Input for this task —

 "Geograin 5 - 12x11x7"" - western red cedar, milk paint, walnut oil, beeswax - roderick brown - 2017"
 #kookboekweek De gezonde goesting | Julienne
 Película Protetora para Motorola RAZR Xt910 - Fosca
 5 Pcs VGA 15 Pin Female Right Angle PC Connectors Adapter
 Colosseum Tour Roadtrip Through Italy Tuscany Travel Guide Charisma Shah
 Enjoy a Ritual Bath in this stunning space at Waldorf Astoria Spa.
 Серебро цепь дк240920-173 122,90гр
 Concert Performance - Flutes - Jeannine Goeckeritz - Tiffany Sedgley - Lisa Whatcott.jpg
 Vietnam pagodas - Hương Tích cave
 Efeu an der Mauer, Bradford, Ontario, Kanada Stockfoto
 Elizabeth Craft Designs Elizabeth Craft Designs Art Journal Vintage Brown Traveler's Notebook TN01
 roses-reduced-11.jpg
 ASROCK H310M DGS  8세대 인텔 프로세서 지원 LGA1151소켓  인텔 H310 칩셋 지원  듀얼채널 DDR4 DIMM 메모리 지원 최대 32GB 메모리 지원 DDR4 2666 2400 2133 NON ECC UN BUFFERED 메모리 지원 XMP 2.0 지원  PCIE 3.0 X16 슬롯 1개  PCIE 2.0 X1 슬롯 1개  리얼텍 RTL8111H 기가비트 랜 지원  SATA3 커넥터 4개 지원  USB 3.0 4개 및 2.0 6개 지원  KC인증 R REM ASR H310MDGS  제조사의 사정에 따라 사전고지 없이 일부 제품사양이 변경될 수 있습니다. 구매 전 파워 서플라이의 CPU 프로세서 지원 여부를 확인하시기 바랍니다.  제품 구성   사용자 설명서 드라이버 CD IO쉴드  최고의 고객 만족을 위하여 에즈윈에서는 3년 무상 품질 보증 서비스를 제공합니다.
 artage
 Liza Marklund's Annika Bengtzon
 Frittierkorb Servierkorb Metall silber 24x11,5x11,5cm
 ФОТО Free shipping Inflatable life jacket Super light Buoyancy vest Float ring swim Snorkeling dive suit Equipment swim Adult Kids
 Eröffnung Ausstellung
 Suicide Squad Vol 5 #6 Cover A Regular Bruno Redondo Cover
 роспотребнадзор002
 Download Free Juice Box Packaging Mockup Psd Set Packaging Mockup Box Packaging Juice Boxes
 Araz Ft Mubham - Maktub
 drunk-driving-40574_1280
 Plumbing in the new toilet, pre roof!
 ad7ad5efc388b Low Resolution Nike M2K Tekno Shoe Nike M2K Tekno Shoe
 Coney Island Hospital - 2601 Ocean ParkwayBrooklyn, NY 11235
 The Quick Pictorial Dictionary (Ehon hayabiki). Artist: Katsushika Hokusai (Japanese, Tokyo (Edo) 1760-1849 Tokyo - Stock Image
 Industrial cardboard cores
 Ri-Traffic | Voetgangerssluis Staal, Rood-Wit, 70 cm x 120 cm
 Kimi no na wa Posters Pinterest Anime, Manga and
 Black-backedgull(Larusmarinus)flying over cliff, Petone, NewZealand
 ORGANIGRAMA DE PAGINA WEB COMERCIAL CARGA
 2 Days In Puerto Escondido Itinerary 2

Exercise directions — With the line holding "Elizabeth Craft Designs Elizabeth" as the first and the line holding "Ri-Traffic | Voetgangerssluis" as the last, please transcribe exactly the lines of the material above in that range and nothing else.

Answer to this exercise —
 Elizabeth Craft Designs Elizabeth Craft Designs Art Journal Vintage Brown Traveler's Notebook TN01
 roses-reduced-11.jpg
 ASROCK H310M DGS  8세대 인텔 프로세서 지원 LGA1151소켓  인텔 H310 칩셋 지원  듀얼채널 DDR4 DIMM 메모리 지원 최대 32GB 메모리 지원 DDR4 2666 2400 2133 NON ECC UN BUFFERED 메모리 지원 XMP 2.0 지원  PCIE 3.0 X16 슬롯 1개  PCIE 2.0 X1 슬롯 1개  리얼텍 RTL8111H 기가비트 랜 지원  SATA3 커넥터 4개 지원  USB 3.0 4개 및 2.0 6개 지원  KC인증 R REM ASR H310MDGS  제조사의 사정에 따라 사전고지 없이 일부 제품사양이 변경될 수 있습니다. 구매 전 파워 서플라이의 CPU 프로세서 지원 여부를 확인하시기 바랍니다.  제품 구성   사용자 설명서 드라이버 CD IO쉴드  최고의 고객 만족을 위하여 에즈윈에서는 3년 무상 품질 보증 서비스를 제공합니다.
 artage
 Liza Marklund's Annika Bengtzon
 Frittierkorb Servierkorb Metall silber 24x11,5x11,5cm
 ФОТО Free shipping Inflatable life jacket Super light Buoyancy vest Float ring swim Snorkeling dive suit Equipment swim Adult Kids
 Eröffnung Ausstellung
 Suicide Squad Vol 5 #6 Cover A Regular Bruno Redondo Cover
 роспотребнадзор002
 Download Free Juice Box Packaging Mockup Psd Set Packaging Mockup Box Packaging Juice Boxes
 Araz Ft Mubham - Maktub
 drunk-driving-40574_1280
 Plumbing in the new toilet, pre roof!
 ad7ad5efc388b Low Resolution Nike M2K Tekno Shoe Nike M2K Tekno Shoe
 Coney Island Hospital - 2601 Ocean ParkwayBrooklyn, NY 11235
 The Quick Pictorial Dictionary (Ehon hayabiki). Artist: Katsushika Hokusai (Japanese, Tokyo (Edo) 1760-1849 Tokyo - Stock Image
 Industrial cardboard cores
 Ri-Traffic | Voetgangerssluis Staal, Rood-Wit, 70 cm x 120 cm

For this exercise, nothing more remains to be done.